When considering glass particle size, faster CaP layer formation in PBS occurred for composites containing particles of < 3 μm size. Higher mass increase (Fig. 6b) persisting up to 3 months of incubation confirmed these observations. What is more, AS surface of 21S2 < 45 μm-PCL film showed no significant morphological changes. In the case of 21A2 < 3 μm-PCL material, the greater pH changes of PBS confirmed higher dissolution rate of Ca2+ from glass structure, favouring supersaturation of PBS and calcium phosphate layer formation (Fig. 6a). Furthermore, a much faster decrease in pH value confirmed faster deposition of CaP layer on the surfaces of this film, inhibiting further release of calcium ions to fresh PBS (solution was changed every month). This behaviour was a consequence of the uniform distribution of fillers in PCL matrix and thus their high exposure on both composite surfaces, in contrast to particles of < 45 μm size, which sedimented near GS surfaces during film preparation process (Fig. 5). These findings are consistent with results obtained in our previous works [25, 26], as well as those of other authors [52, 53]. Moreover, it was shown that the larger surface area of smaller glass particles provides more effective ion release, enhancing the ability of HAp layer formation on the composite surfaces [22].


In present work, the short-term and long-term behaviour of poly(ε-caprolactone)/bioactive glass composites during incubation in biologically related fluids, namely SBF, DMEM-10% FBS (up to 14 days) and PBS (up to 15 months), was investigated. Furthermore, normal human osteoblast response was also studied.

Obtained composite films showed excellent in vitro bioactivity, as evidenced by the formation of calcium phosphate layer on their surfaces upon immersion in SBF and DMEM-10% FBS. However, kinetics of bioactivity process strongly depended on the type of the medium used. The layer of amino acids and proteins, derived from cell culture medium, on the surfaces of composites created barrier that inhibited release of the ions on the one hand, while increasing nucleation density of calcium phosphates, affecting the morphology of formed CaP layers on the other.
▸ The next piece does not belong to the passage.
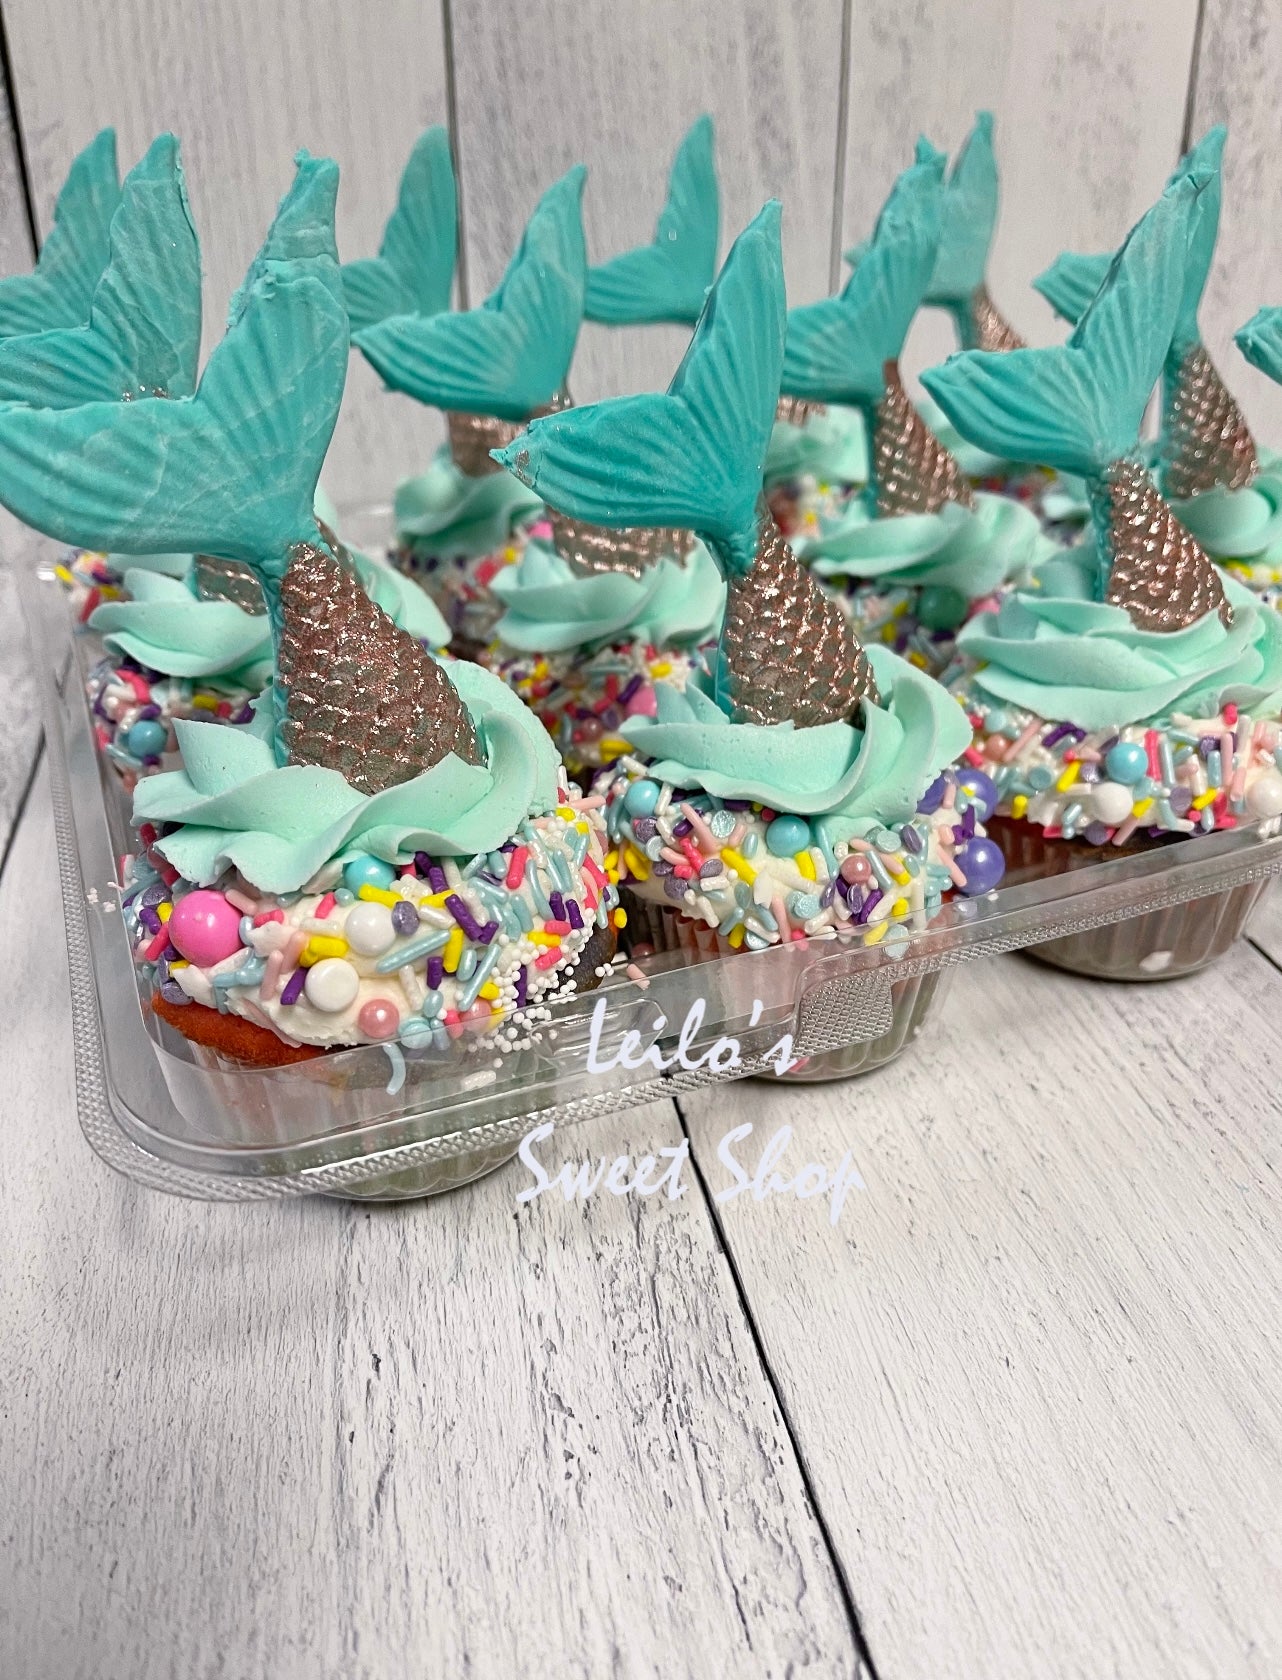 Customized Cupcakes

The presence of bioactive glass fillers was shown to impart osteoinductive properties to obtained films, supporting osteoblast attachment and proliferation, as well as stimulating cell differentiation and also matrix mineralization process in vitro. We showed that kinetics of bioactivity process and also osteoinductive properties of composite films could be easily modulated with the use of different contents and chemical compositions of fillers.

The results showed that modification of PCL matrix with bioactive glass particles accelerated its degradation. We proved that the degradation rate of composites could be controlled and optimized for bone regeneration, in particular by using bioactive fillers causing different calcium phosphate layer forming ability on the surfaces of composites, depending on particle size and chemical composition.

We have presented new opportunities to design and obtain multifunctional composites with tunable degradation and bioactivity kinetics, as well as biological properties that can meet complex requirements of bone tissue engineering.